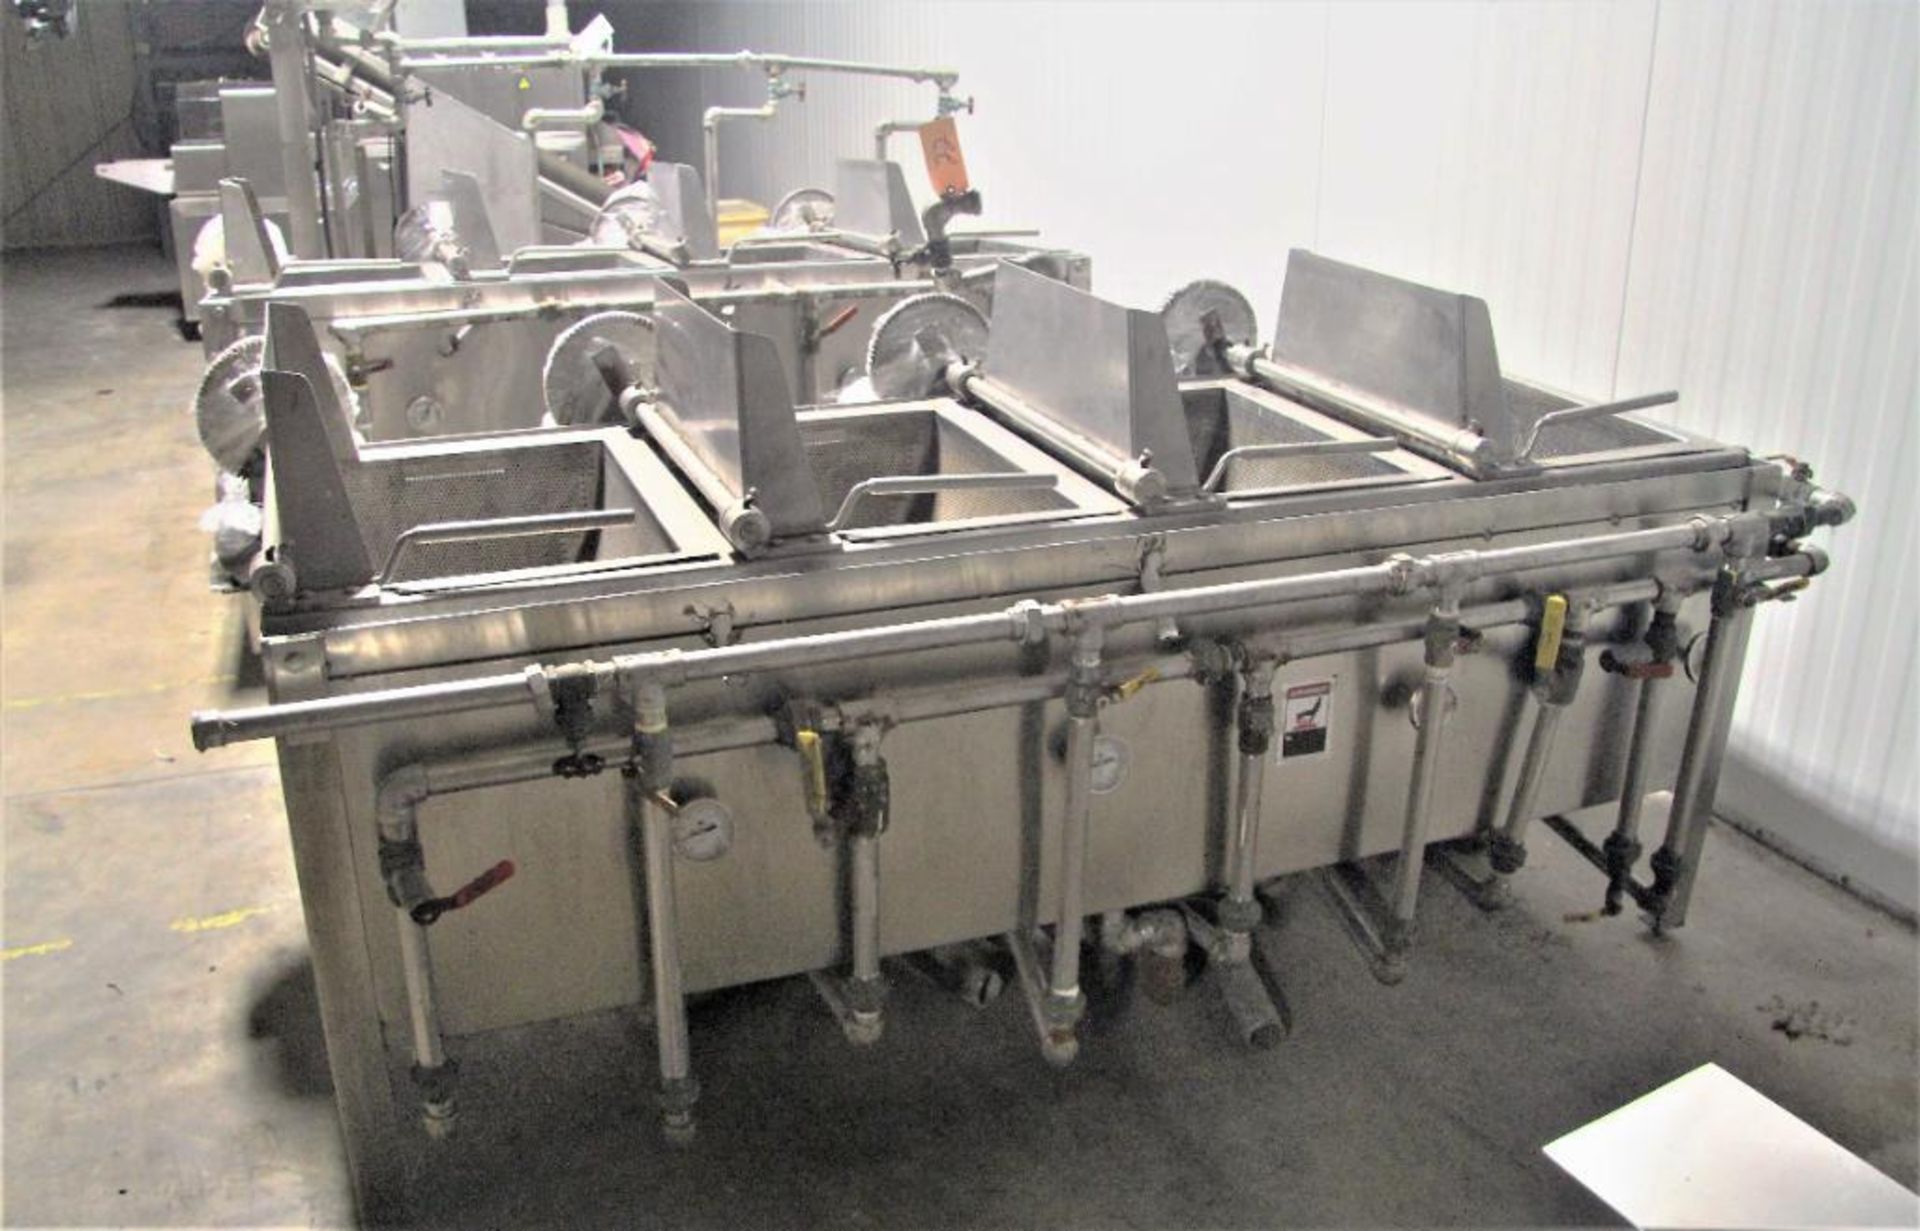 4-Station Stainless Steel Udon Noodle Cook Table With (4) Drain Dump Stations, (4) Temp Gages
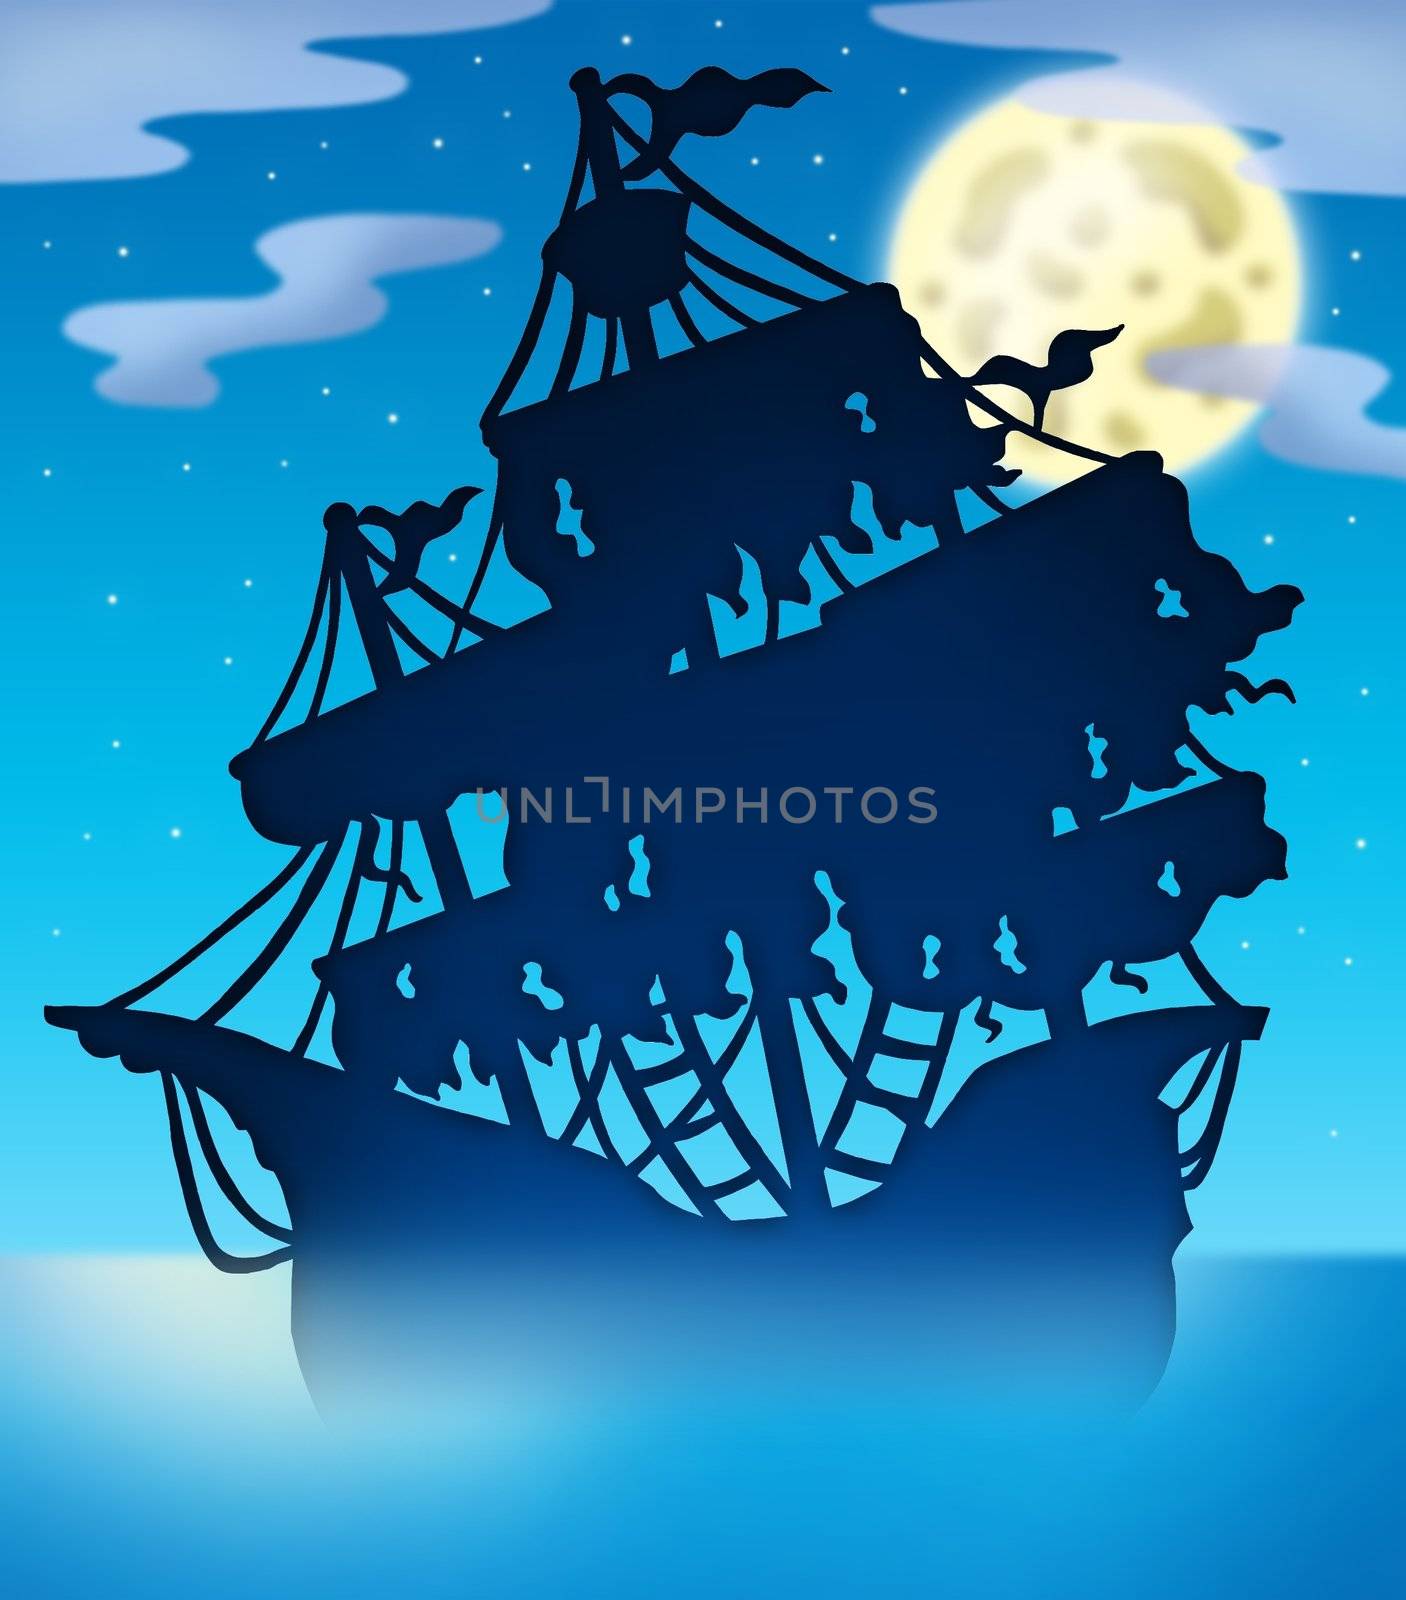 Mysterious ship silhouette at night by clairev
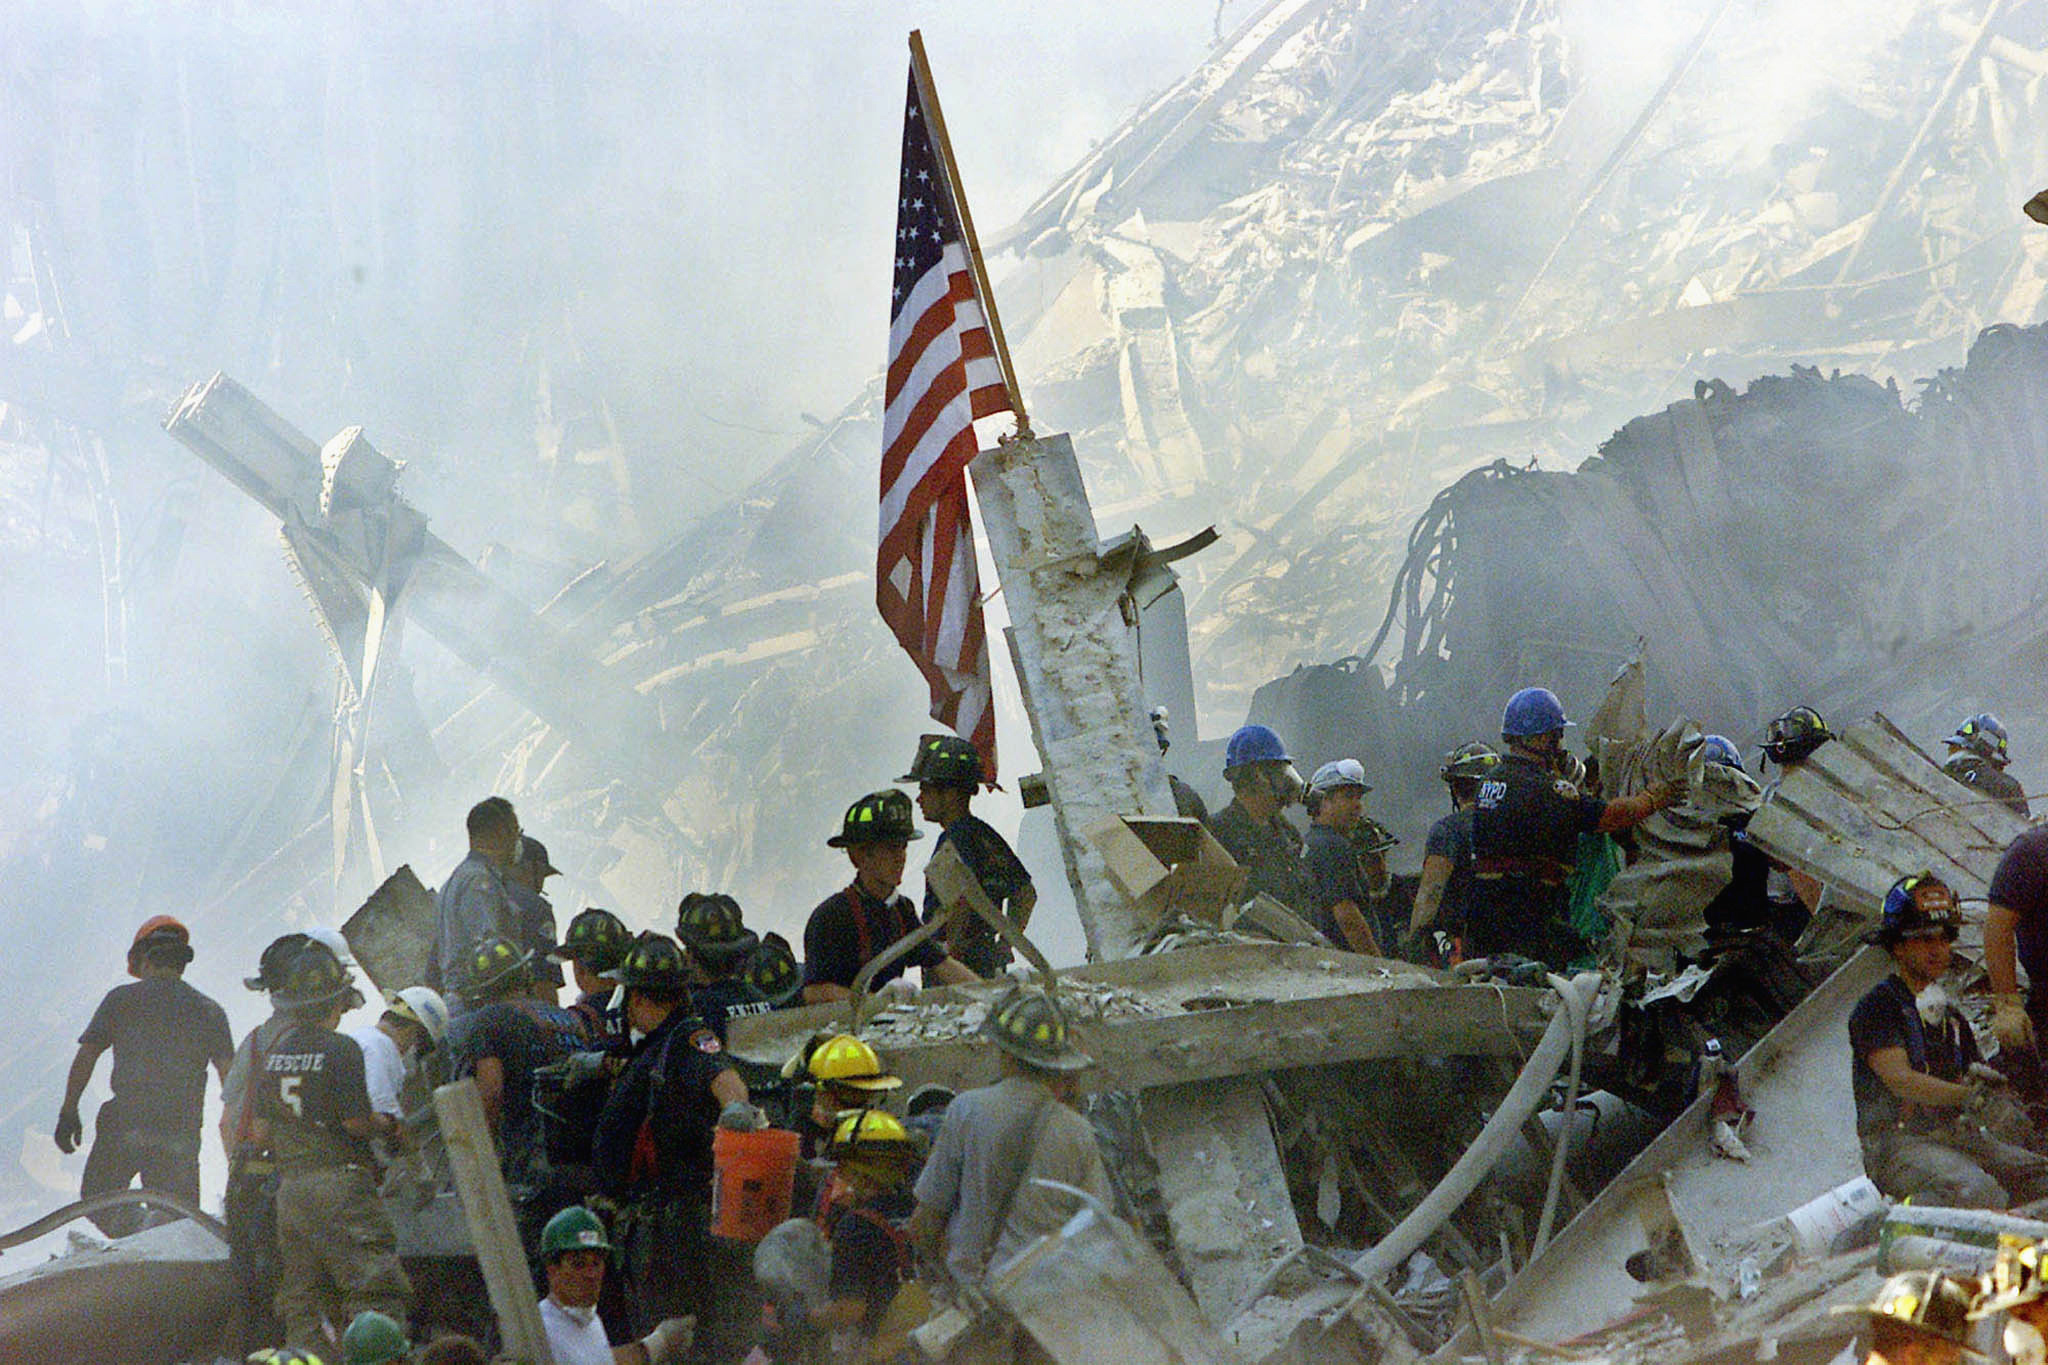 NatGeo - US FLAG STANDS AMIDST WORLD TRADE RUBBLE

Work to be completed: Without changing a word, retype the data above and omit its pictures.

Solved problem:
 4-Station Stainless Steel Udon Noodle Cook Table With (4) Drain Dump Stations, (4) Temp Gages
 Mysterious ship silhouette at night by clairev
 NatGeo - US FLAG STANDS AMIDST WORLD TRADE RUBBLE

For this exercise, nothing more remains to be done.